[[ Exercise material open ]]

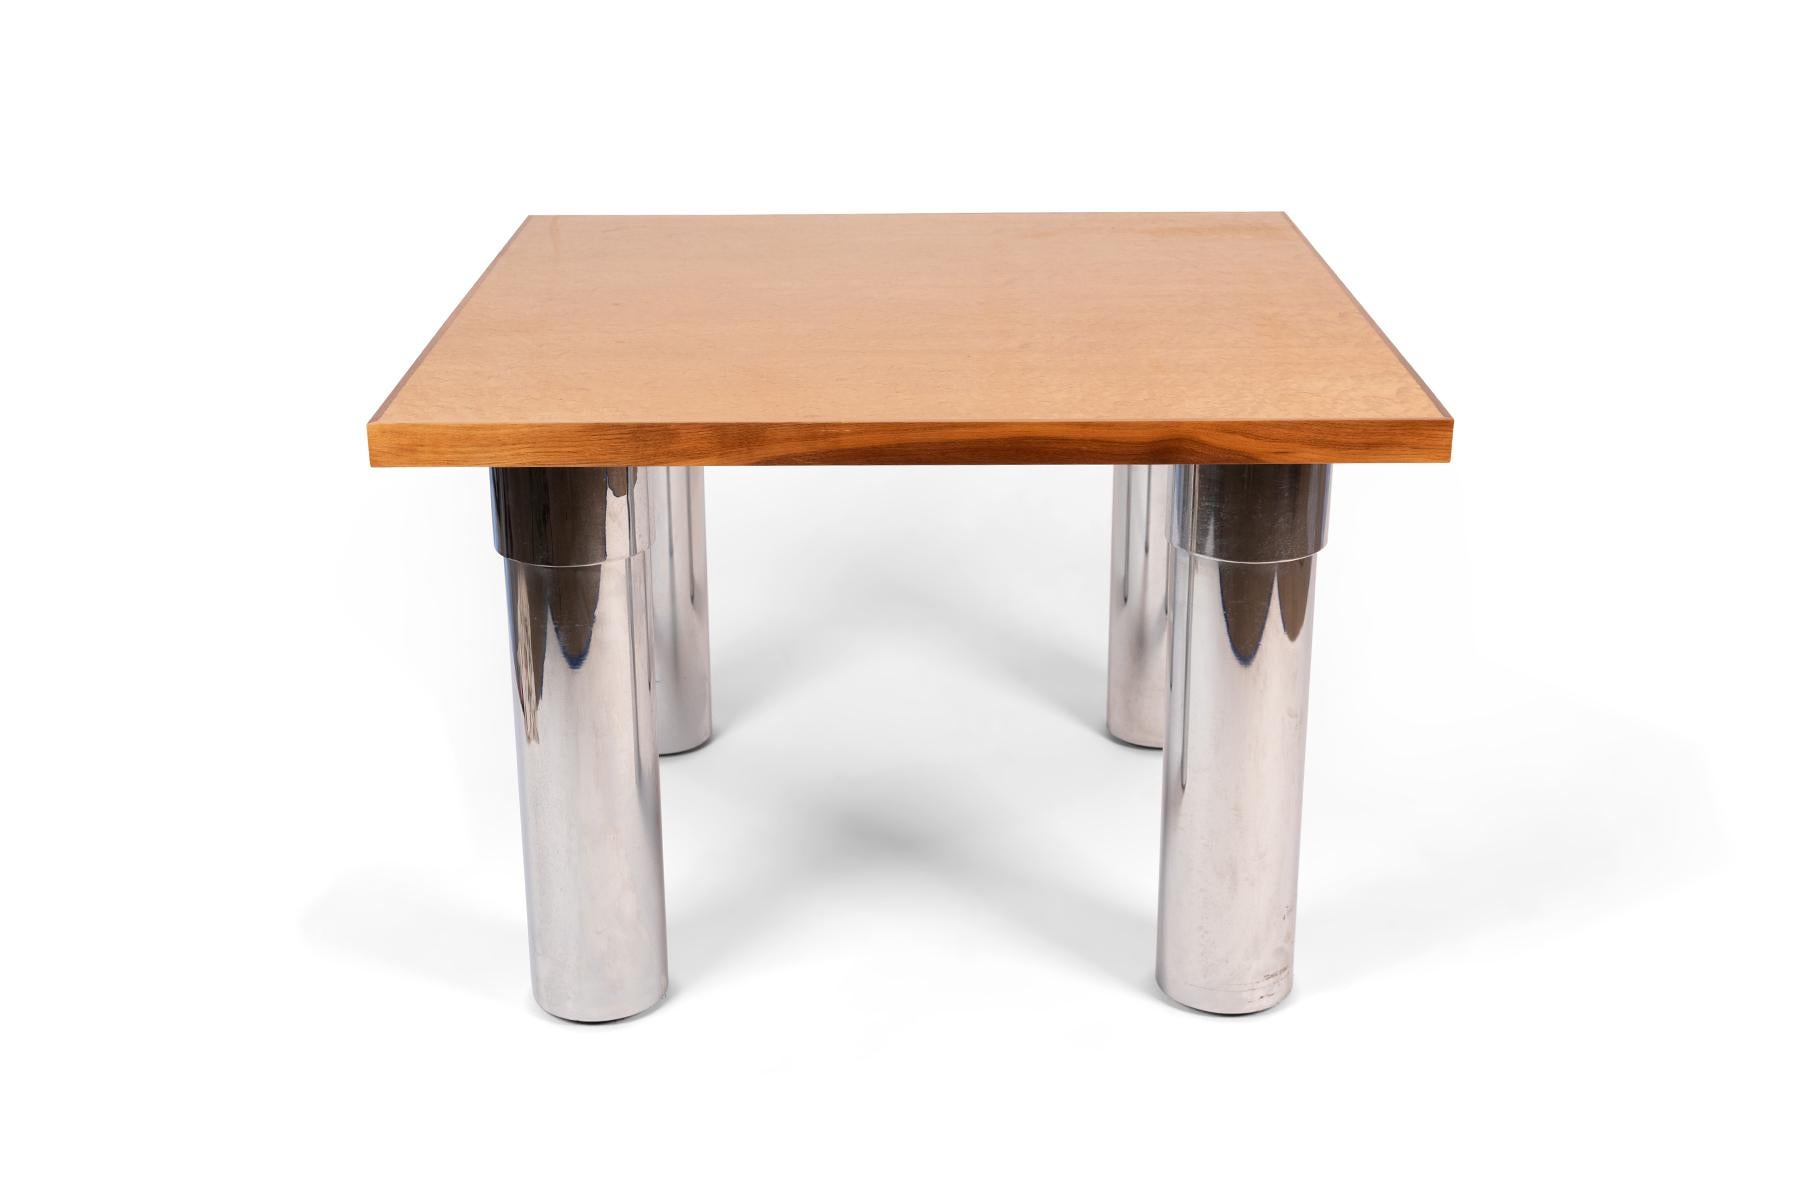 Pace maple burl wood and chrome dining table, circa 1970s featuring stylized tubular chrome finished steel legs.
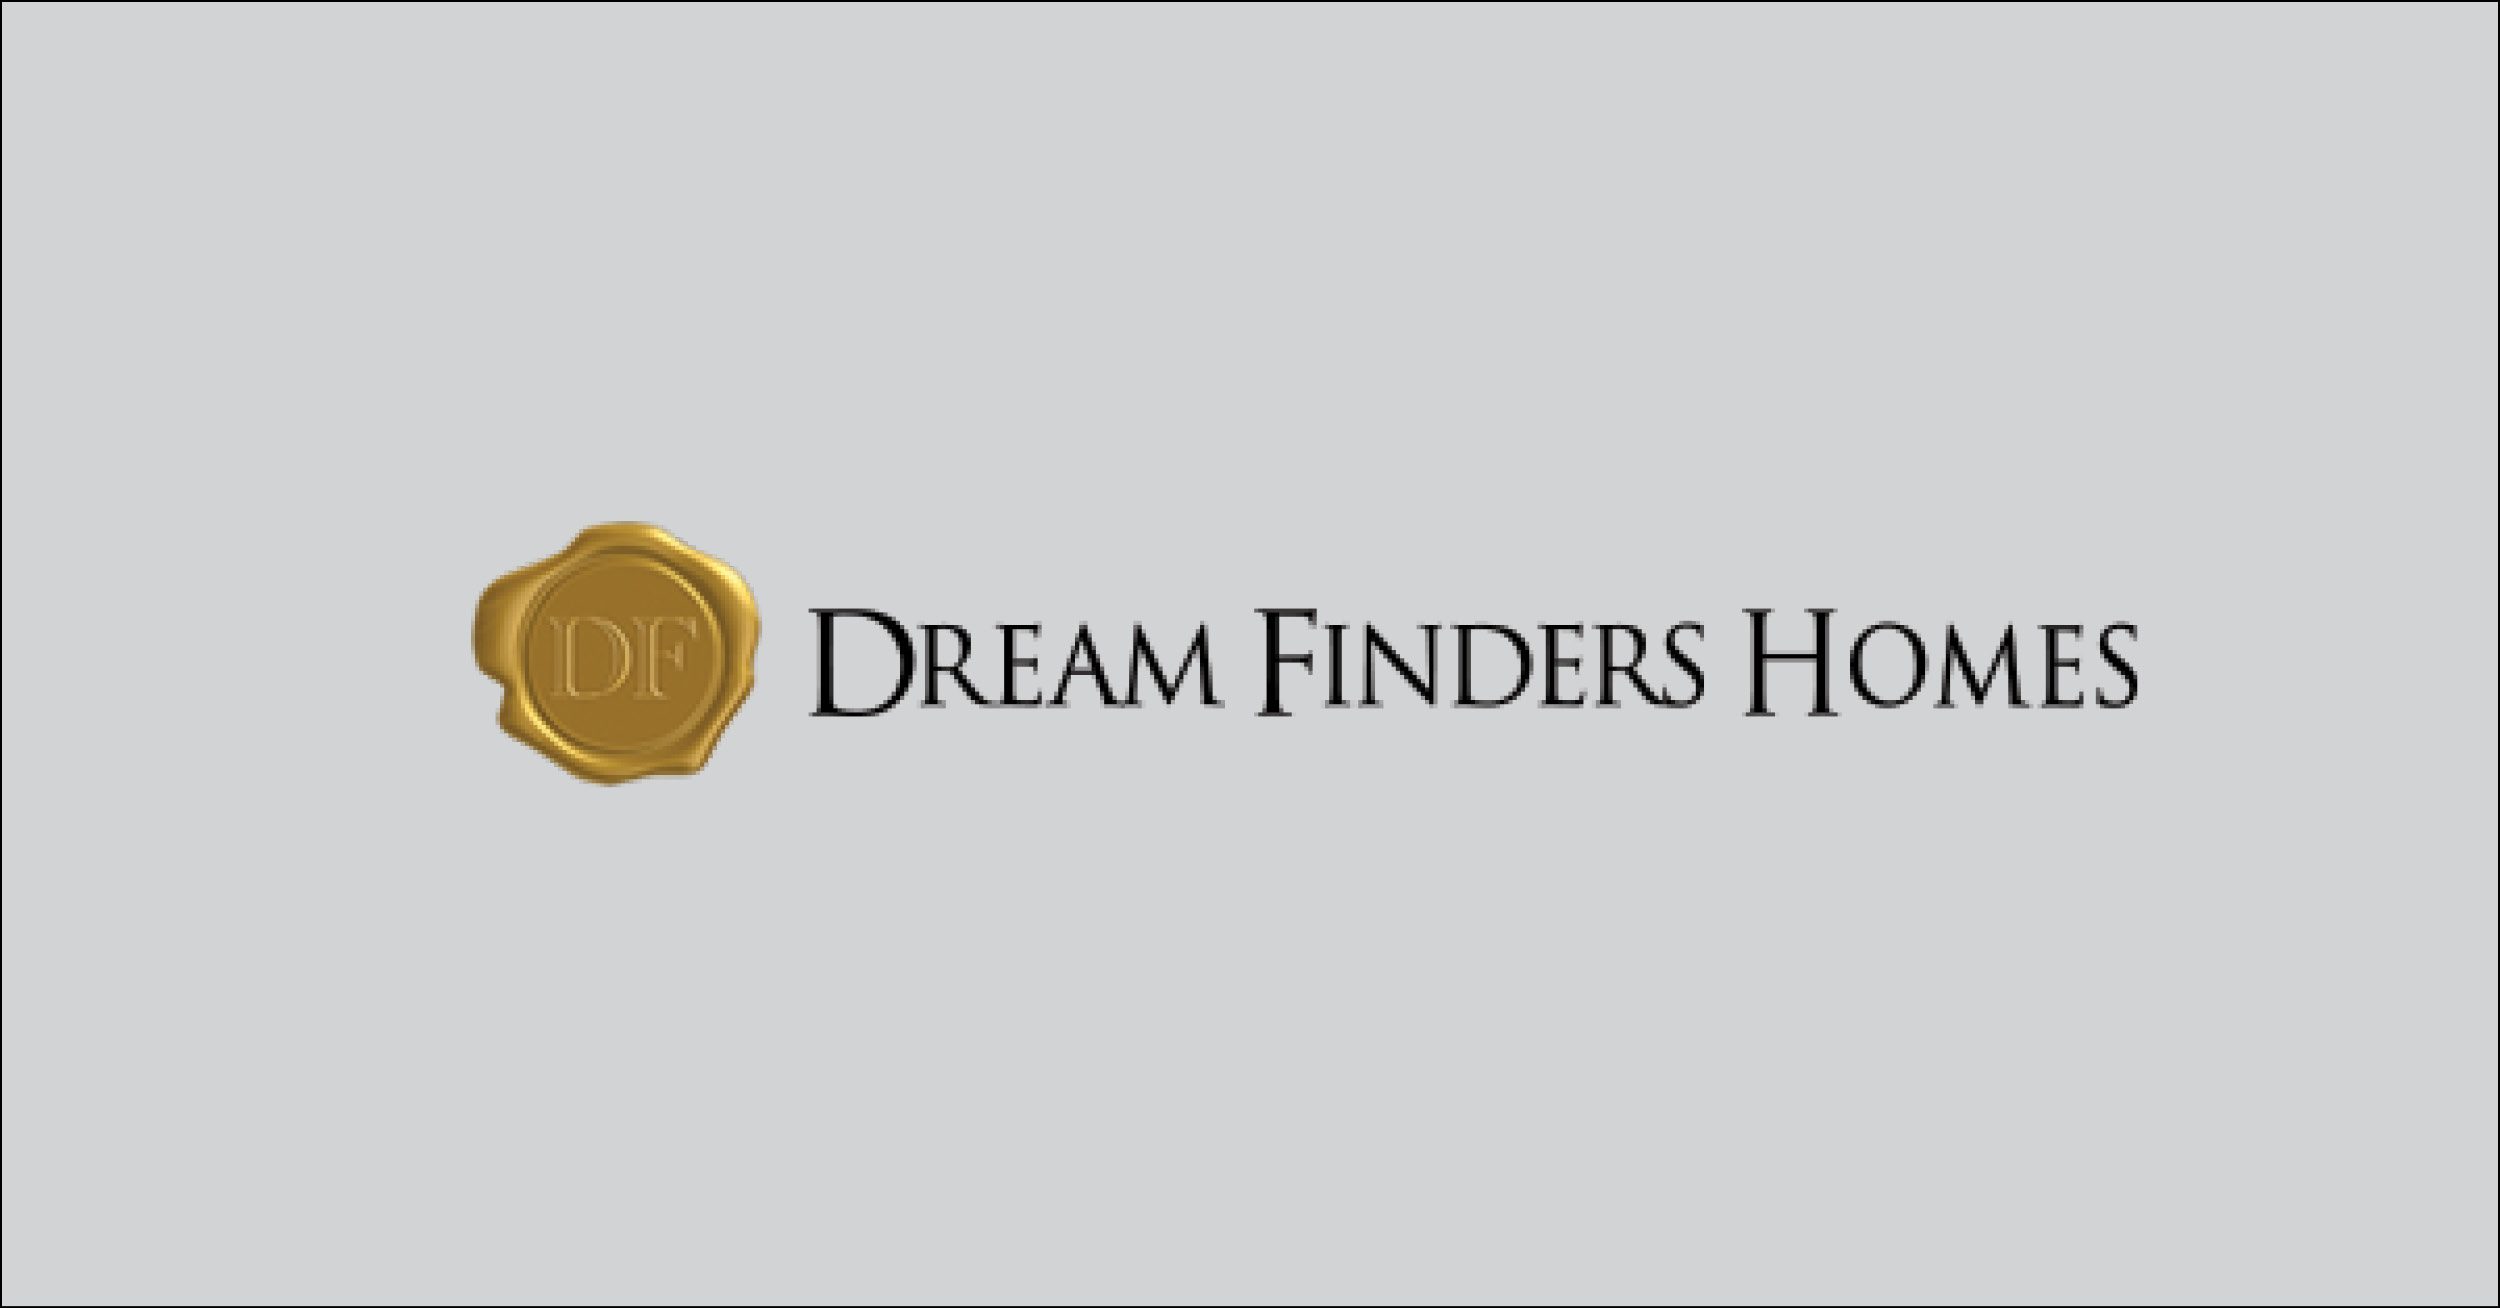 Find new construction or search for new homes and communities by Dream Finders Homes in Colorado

[[ Exercise material closed ]]
[[ Exercise material open ]]

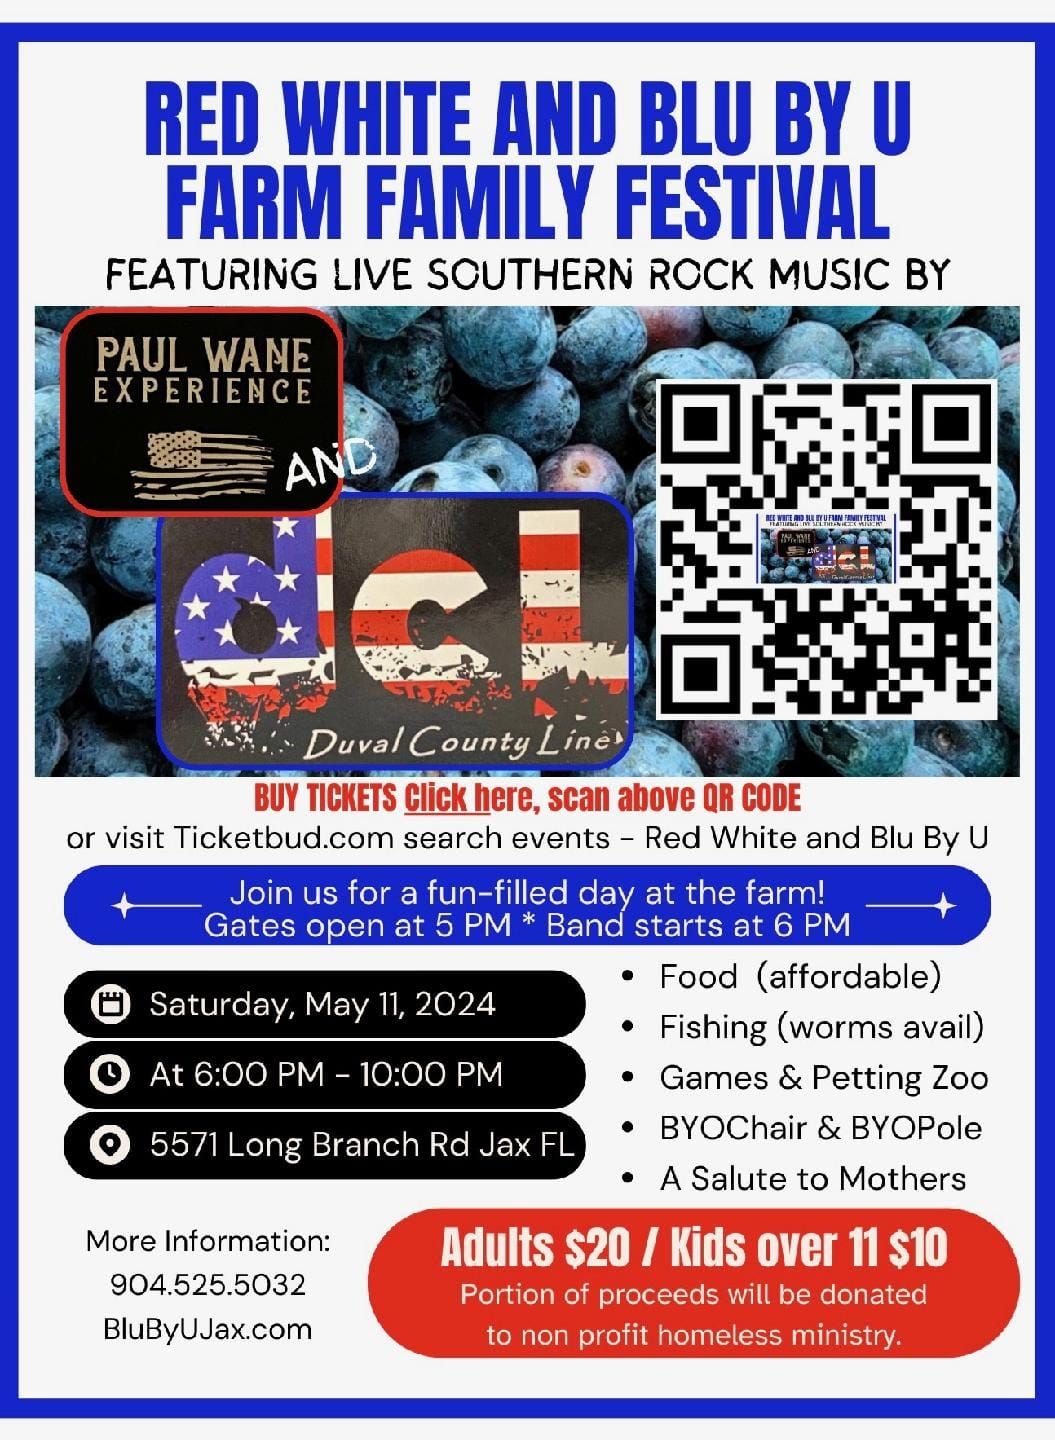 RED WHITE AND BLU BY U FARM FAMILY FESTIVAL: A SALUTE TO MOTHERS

[[ Exercise material closed ]]
[[ Exercise material open ]]

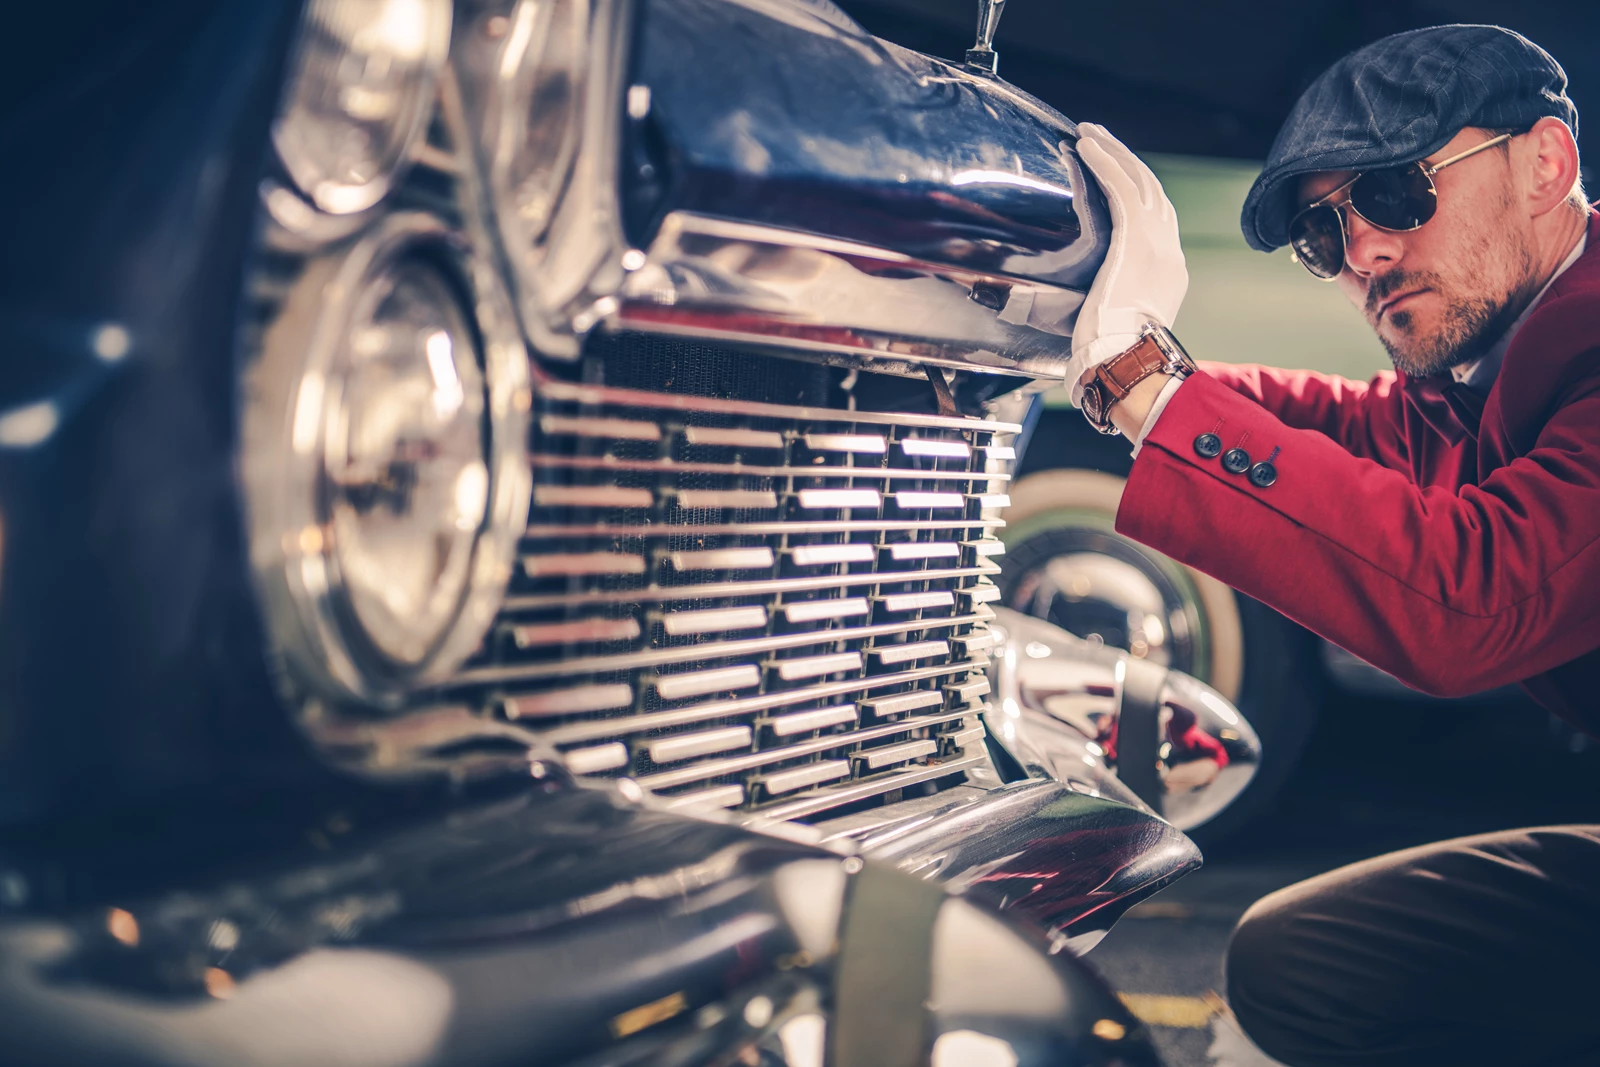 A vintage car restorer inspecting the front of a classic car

[[ Exercise material closed ]]

Exercise prompt: Copy out exactly the material that runs from the line with "Pace maple burl" to the line with "Find new construction", ends included, and leave the pictures behind.

Output for this exercise:
 Pace maple burl wood and chrome dining table, circa 1970s featuring stylized tubular chrome finished steel legs.
 Find new construction or search for new homes and communities by Dream Finders Homes in Colorado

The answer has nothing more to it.